В антологию входили избранные отрывки из "Ночного Гаспара" Алоизия Бертрана[144], кудесника, перенесшего приемы Леонардо да Винчи в прозу и написавшего металлическими окисями яркие и переливчатые, как эмаль, картинки. За "Гаспаром" дез Эссент поместил "Vox populi"[145] Вилье, а также вещицы со следами стилистических изысков на манер Леконт де Лиля и Флобера, затем добавил несколько фрагментов из "Нефритовой книги", которая нежно благоухала женьшенем, чаем и ночной родниковой водой, вобравшей в себя лунный блеск.
Из забытых журналов дез Эссент тоже извлек кое-что и включил в свою коллекцию стихотворения "Демон аналогии", "Трубка", "Бедненький, бледный ребенок", "Прерванный спектакль", "Грядущий феномен" и, самое главное, "Осеннюю жалобу" и "Зимнюю дрожь", эти подлинные шедевры Малларме и лучшие из его стихотворений в прозе. Тождество языка, мысли и чувства было поразительным: мерная речь убаюкивала, как дивная мелодия или грустное заклинание, идея сообщалась силой внушения, а резкие нервные токи пронизывали вас до восторга, до боли.
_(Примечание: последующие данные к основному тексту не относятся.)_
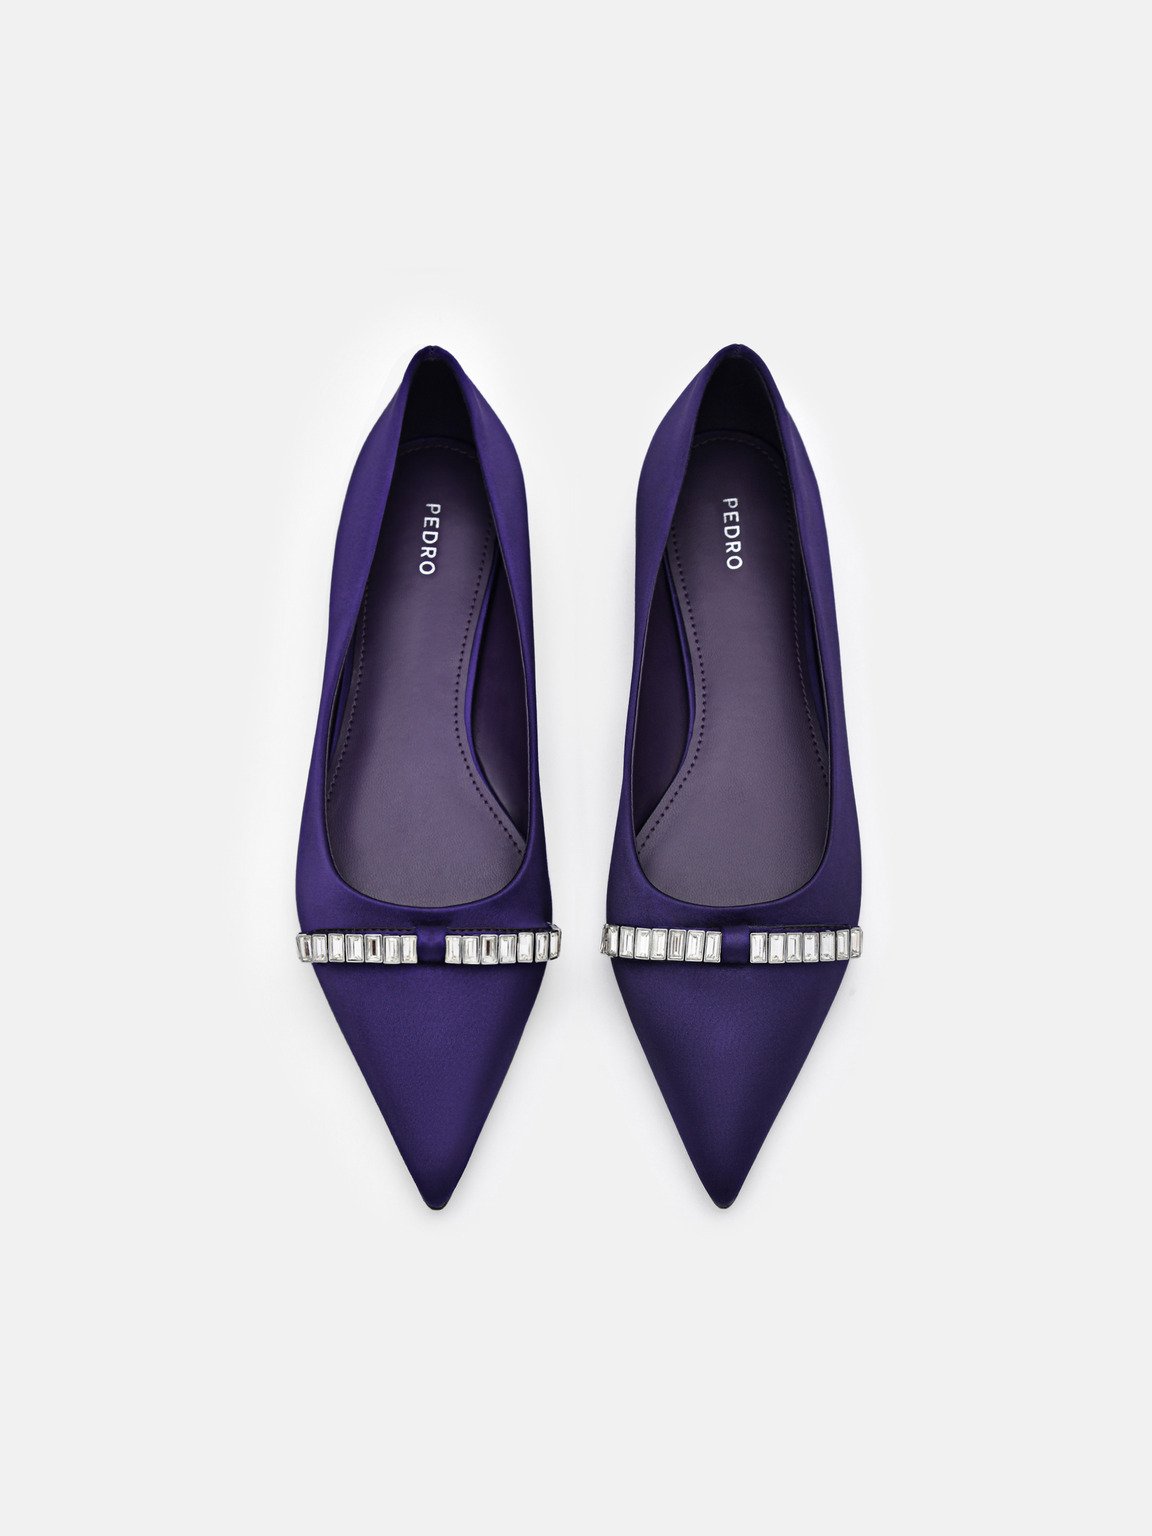 Mindy緞面芭蕾平底鞋, Dark Purple

Стихотворение в прозе было любимым жанром дез Эссента. У гениального мастера оно, как считал дез Эссент, становится как бы романом, то есть наделено размахом большой книги, но лишено аналитических и описательных длиннот. Дез Эссент очень часто представлял себе роман в нескольких фразах — выжимку из сотен страниц с их изображением среды, характерами, картинами нравов и зарисовкой мельчайших фактов. Это будут слова, столь тщательно отобранные и емкие, что восполнят отсутствие всех прочих. Прилагательное станет таким прозрачным и точным, что намертво прирастет к существительному и откроет читателю необозримую перспективу; оно позволит неделями мечтать и гадать над его смыслом — и узким, и широким; и душу персонажей выявит целиком: очертит в настоящем, восстановит в прошлом, провидит в будущем. И все это благодаря одному-единственному определению.
Роман в одну-две страницы сделает возможным сотворчество мастерски владеющего пером писателя и идеального читателя, духовно сблизит тех немногих существ высшего порядка, что рассеяны во вселенной, и доставит этим избранникам особое, им одним доступное наслаждение.
Нет нужды говорить, стихотворение в прозе было для дез Эссента квинтэссенцией и сутью писательства, его эликсиром.
Им овладел Бодлер, но он давал о себе знать и здесь, у Малларме, и это приводило дез Эссента в упоение.
Когда он закрыл вторую подшивку, то понял, что новых книг в его библиотеке, судя по всему, больше не появится.
С этим ничего нельзя было сделать, словесность находилась в упадке. Неизлечимо больная, она зачахла от ветхости идей и излишеств стиля, как всякий больной, возбуждаясь на время только от занятных безделок. Однако еще при жизни она спешила наверстать упущенное, насладиться впрок и выразить невыразимое, чтобы перед отходом в мир иной оставить в наследство вязь воспоминаний о своей болезни. Сильнее, ярче всего этот упадок дал о себе знать именно в поэзии Малларме.
Его стих как бы суммировал написанное Бодлером и По. Он черпал свои силы из тонкого и сильного вина их творчества, но благоухал и пьянил по-новому.
В нем умирал старый язык, который с незапамятных времен от века к веку терял силу и разлагался, пока наконец не приказал долго жить, как это произошло с латынью в темных по смыслу конструкциях св. Бонифация и Адельма.
Впрочем, все иначе: французский язык распался внезапно. Латынь умирала долго: от прекрасных и пестрых глаголов Клавдиана и Рутилия до искусственных в 8-м веке прошло четыре столетия — долгий срок. Но никаких столетий и рубежей в умирании французского. Пестрый и прекрасный стиль Гонкуров и искусственный слог Верлена с Малларме столкнулись, став соседями по времени, веку, эпохе.
Взглянув на оба ин-фолио, лежавших на столике-аналое, дез Эссент улыбнулся и подумал, что придет день, когда какой-нибудь эрудит составит об упадке французского языка многотомный труд по примеру премудрого Дю Канжа, который стал летописцем последних вздохов, бессвязного бормотания и агонии латыни, умиравшей от старости в монастырской келье.